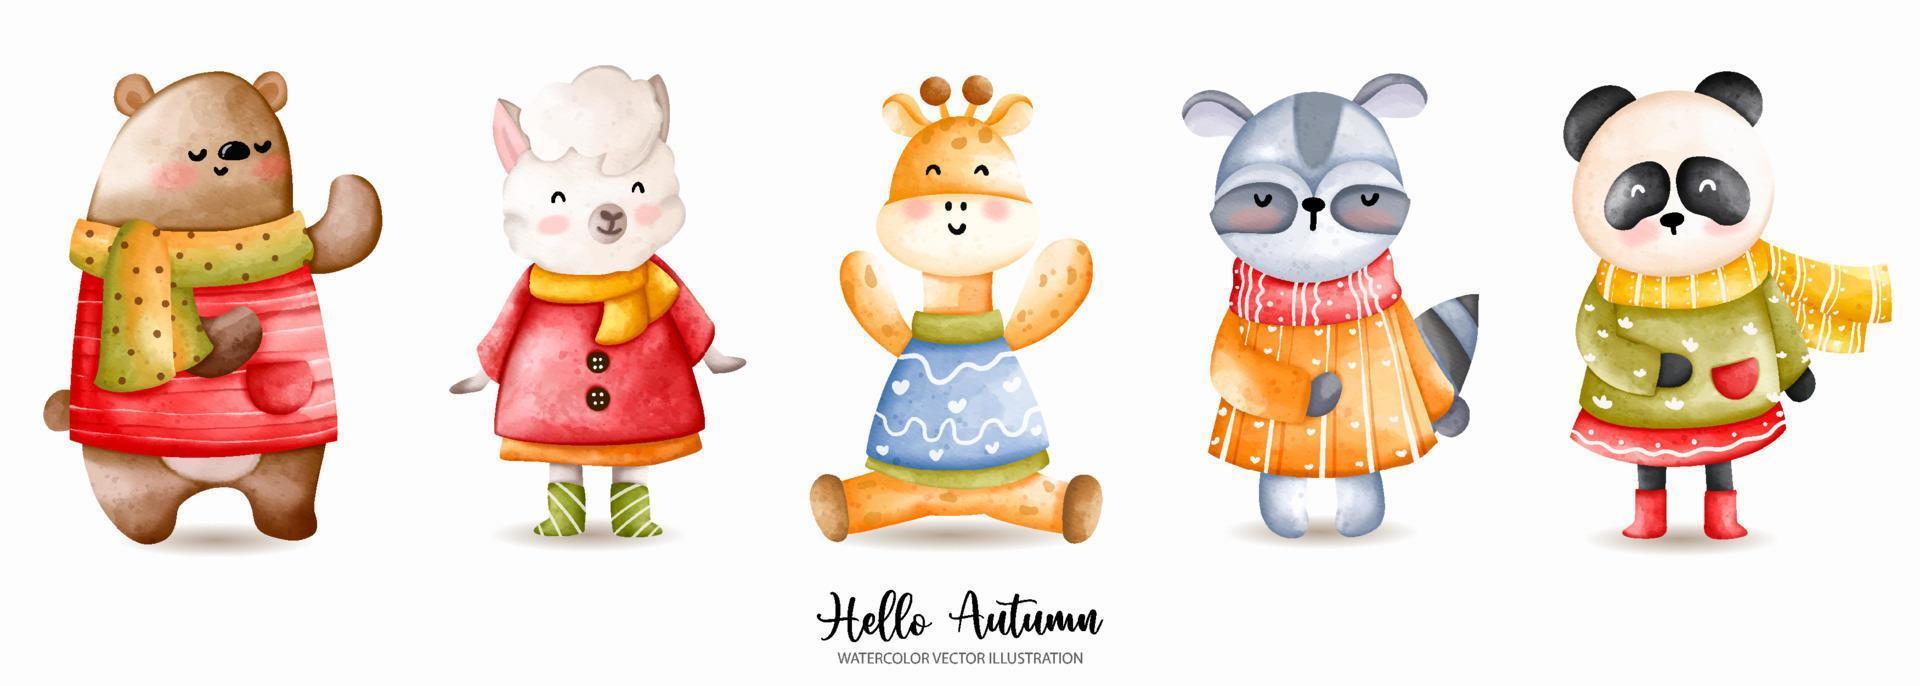 aquarelle d'automne animal, illustration vectorielle de thanksgiving, ours, mouton, girafe, raton laveur, panda vecteur
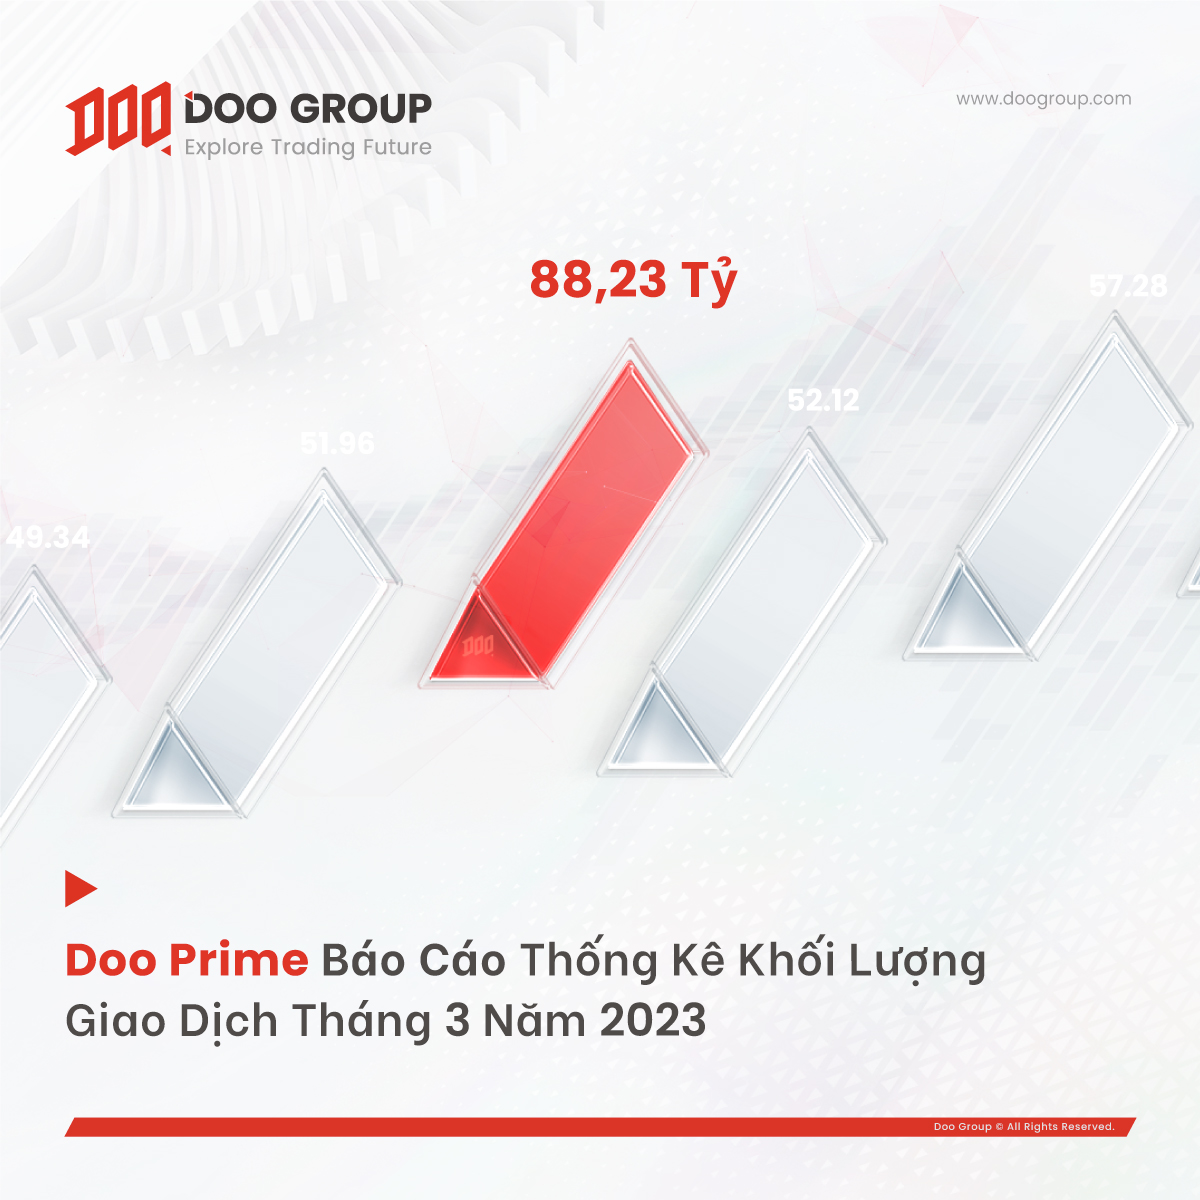 Doo Prime báo cáo thống kê khối lượng giao dịch tháng 3/2023
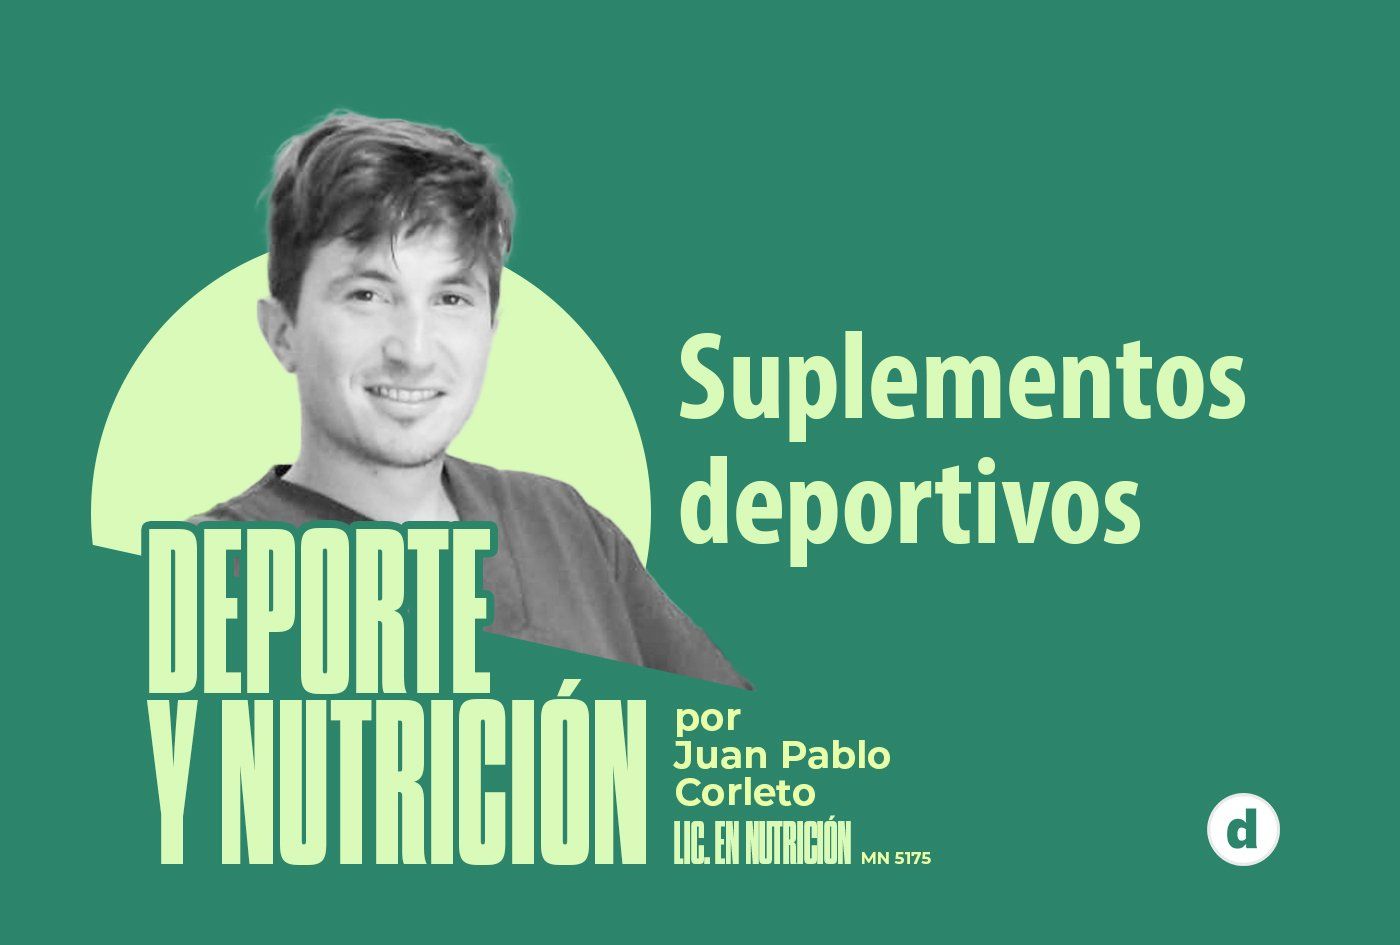 La columna del nutricionista Juan Pablo Corleto: “Suplementos deportivos”

--------------------------------

Please make an exact copy of the whole listing and leave out its pictures.

 aquarelle d'automne animal, illustration vectorielle de thanksgiving, ours, mouton, girafe, raton laveur, panda vecteur
 Doo Prime báo cáo thống kê khối lượng giao dịch tháng 3/2023
 La columna del nutricionista Juan Pablo Corleto: “Suplementos deportivos”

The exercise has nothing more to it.